When he reached the living room, he found the crimson kite smacking itself against the front door.

“You’re going to hurt yourself,” said Oliver. “Here.”

He opened the door, and the kite flew outside into the night, then paused, hovering, its long tail beckoning.

“Forget it!” shouted Oliver into the winds, thinking of the long slashes on the barricade, and the dark fighting kites. “I’m not following you anywhere else tonight. It’s too dangerous!”

The kite rose higher, shaking frantically.

“Come home with me,” pleaded Oliver, feeling guilty despite himself. “We’ll alert the Watch at dawn.”

But the kite shuddered in the turbulent winds and flew no closer.

“Fine!” he shouted. “I’m going home. Great-uncle Gilbert told me to stay away anyway. He doesn’t want my help!”

Oliver came down the steps, leaning into the winds, as the kite danced backward, lashing its tail.

“I’m not scared or anything! It’s just that I’ve got the Festival to think about!”

He tried to march onward impressively, but before he could take his first impressive step, he heard a whoosh, and then the kite was in his face, beating its sails against him. He tried to grab the kite, but it slipped around him, striking at him. Oliver ran down the path, arms over his head, the kite in close pursuit.
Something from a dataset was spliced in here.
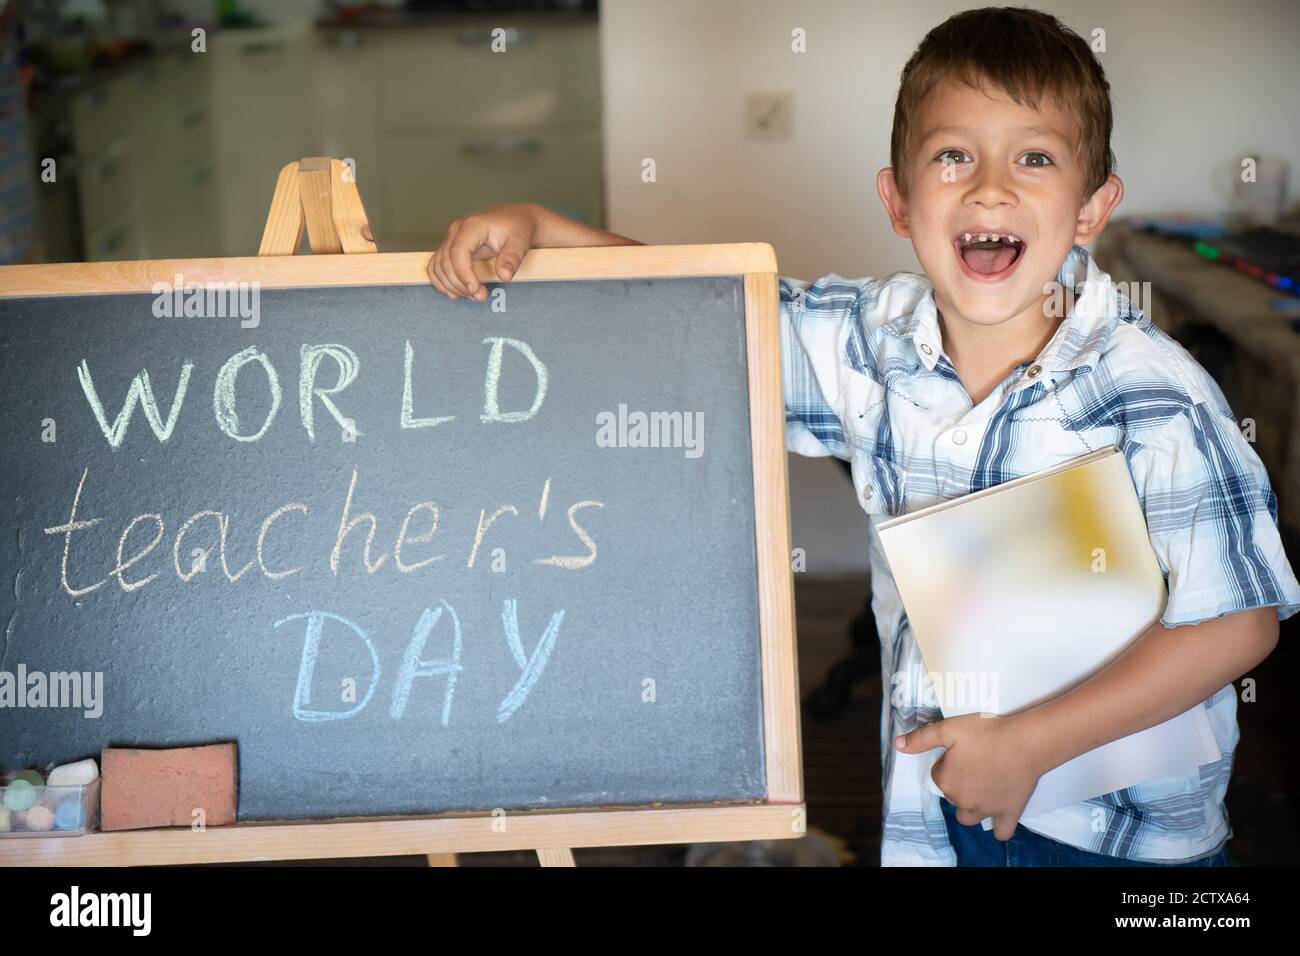 World Teacher's Day greeting, pupil boy near the chalkboard, chalk inscription text Stock Photo

He stopped. The kite drifted menacingly before him, blocking the path. Oliver thought longingly of his safe, warm bed. He had to come up with a way out of this. The last thing he wanted to do, given his reputation, was run through Windblowne being chased by a kite.

“Look,” he said to the kite, “be reasonable.”

The kite hovered warily.

“There’s nothing I can do to help Great-uncle Gilbert, whatever’s happened to him, even if I wanted to. Even if he had trusted me. Even if he hadn’t almost shoved me down the stairs and set his kite-eater on me and”—Oliver realized he was getting carried away—“and everything else.”

The kite buzzed, tail lashing like a whip.

“You heard Great-uncle Gilbert,” Oliver said. “I don’t have any talents. I’ll never be a kitesmith. My great- uncle wants nothing to do with me, and neither does anyone else!”

The kite’s sails sagged mournfully.

“So that’s it,” Oliver continued uncertainly. This had been easier when the kite fought back. “If you don’t want to come with me, then fine. I promise to tell the Watch all about this.”

The kite drooped away. It drooped past Oliver and back up the path. Oliver watched it go. It appeared determined to fly on, whether Oliver was coming or not.

“Fine!” declared Oliver, without conviction. He turned toward home. The path ahead swirled with fallen leaves. A few low, bare oak branches draped the path, their shadows tracing the ground.

A distant sound came to his ears—an immense wave of wind, far off but rolling closer. The world seemed to gather itself. The treetops stilled, oak leaves settled to earth, and Oliver held his breath. He knew this sound. A windburst was coming, and a big one.

Before he felt it, he could see it, as oaks in the distance began to thrash wildly, sending up clouds of leaves to join the wave.

Oliver braced for impact as the wave hit. He threw up his hands to protect his face when the leaf-cloud enveloped him, rushing past.

The winds pummeled and fought, and he fought back, pushing with all of his strength. Step by step, he battled forward.

He risked a glance back.

The crimson kite, buffeted by the winds, was drifting heavily up the path. In moments, it was lost to Oliver’s view.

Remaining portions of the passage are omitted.